— TASK OBJECTIVE —
From the line with "Pennsylvania Lifetime Ground" to the final line, print the records exactly as they are.

*** Opening RECORDS FOR PROCESSING ***

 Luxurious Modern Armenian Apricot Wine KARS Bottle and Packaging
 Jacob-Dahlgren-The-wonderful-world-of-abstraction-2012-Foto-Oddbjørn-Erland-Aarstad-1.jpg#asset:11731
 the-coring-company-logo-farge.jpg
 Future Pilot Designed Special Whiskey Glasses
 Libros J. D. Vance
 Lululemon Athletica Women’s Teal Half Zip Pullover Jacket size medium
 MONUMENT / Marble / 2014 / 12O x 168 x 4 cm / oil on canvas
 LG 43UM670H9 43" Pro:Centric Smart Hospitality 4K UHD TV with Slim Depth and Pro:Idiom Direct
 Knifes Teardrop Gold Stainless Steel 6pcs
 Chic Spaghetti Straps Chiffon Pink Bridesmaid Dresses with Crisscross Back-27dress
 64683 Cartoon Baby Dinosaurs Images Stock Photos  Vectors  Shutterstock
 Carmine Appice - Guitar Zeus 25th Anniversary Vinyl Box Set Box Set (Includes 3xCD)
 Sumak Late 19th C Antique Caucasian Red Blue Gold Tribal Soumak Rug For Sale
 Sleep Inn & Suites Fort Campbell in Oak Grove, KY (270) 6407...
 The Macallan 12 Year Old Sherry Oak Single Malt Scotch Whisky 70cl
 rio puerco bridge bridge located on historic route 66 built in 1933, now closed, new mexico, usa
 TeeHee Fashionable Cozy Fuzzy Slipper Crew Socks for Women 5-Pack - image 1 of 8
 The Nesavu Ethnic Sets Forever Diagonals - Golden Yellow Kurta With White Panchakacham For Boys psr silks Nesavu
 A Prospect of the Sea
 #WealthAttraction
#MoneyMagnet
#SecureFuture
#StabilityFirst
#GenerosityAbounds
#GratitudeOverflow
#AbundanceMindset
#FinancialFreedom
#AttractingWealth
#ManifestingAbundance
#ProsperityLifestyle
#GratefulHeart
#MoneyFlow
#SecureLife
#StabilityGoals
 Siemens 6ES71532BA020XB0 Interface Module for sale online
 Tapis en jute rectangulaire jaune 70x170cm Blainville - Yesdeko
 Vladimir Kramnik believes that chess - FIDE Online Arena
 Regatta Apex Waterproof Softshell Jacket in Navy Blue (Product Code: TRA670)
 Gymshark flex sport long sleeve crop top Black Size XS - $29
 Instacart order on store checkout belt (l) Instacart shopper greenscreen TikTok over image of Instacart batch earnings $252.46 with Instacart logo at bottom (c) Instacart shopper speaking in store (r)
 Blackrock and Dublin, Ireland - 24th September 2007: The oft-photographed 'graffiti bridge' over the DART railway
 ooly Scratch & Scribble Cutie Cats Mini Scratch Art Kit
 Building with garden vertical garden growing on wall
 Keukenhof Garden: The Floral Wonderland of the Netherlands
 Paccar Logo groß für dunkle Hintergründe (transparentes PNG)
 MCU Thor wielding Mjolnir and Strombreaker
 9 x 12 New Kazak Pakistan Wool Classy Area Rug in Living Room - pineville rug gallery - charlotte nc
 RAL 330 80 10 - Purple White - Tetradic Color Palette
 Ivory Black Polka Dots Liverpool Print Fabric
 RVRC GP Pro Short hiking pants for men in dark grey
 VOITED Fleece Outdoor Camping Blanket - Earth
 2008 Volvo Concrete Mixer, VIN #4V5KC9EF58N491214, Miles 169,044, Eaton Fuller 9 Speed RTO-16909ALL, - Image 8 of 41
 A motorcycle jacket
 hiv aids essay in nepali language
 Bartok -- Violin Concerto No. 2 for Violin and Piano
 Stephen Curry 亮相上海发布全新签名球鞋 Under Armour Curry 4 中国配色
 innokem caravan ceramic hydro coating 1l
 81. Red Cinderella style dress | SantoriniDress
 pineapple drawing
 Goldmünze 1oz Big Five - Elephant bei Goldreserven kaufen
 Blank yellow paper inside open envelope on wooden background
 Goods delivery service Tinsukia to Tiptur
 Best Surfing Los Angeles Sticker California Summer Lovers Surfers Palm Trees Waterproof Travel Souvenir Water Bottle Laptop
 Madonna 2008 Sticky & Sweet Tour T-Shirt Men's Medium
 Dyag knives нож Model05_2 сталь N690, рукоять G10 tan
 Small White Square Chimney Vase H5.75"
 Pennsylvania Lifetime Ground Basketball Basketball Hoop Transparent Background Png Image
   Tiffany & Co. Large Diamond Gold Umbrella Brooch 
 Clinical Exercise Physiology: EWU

*** Closing RECORDS FOR PROCESSING ***

— RESULT OF THE EXERCISE —
 Pennsylvania Lifetime Ground Basketball Basketball Hoop Transparent Background Png Image
   Tiffany & Co. Large Diamond Gold Umbrella Brooch 
 Clinical Exercise Physiology: EWU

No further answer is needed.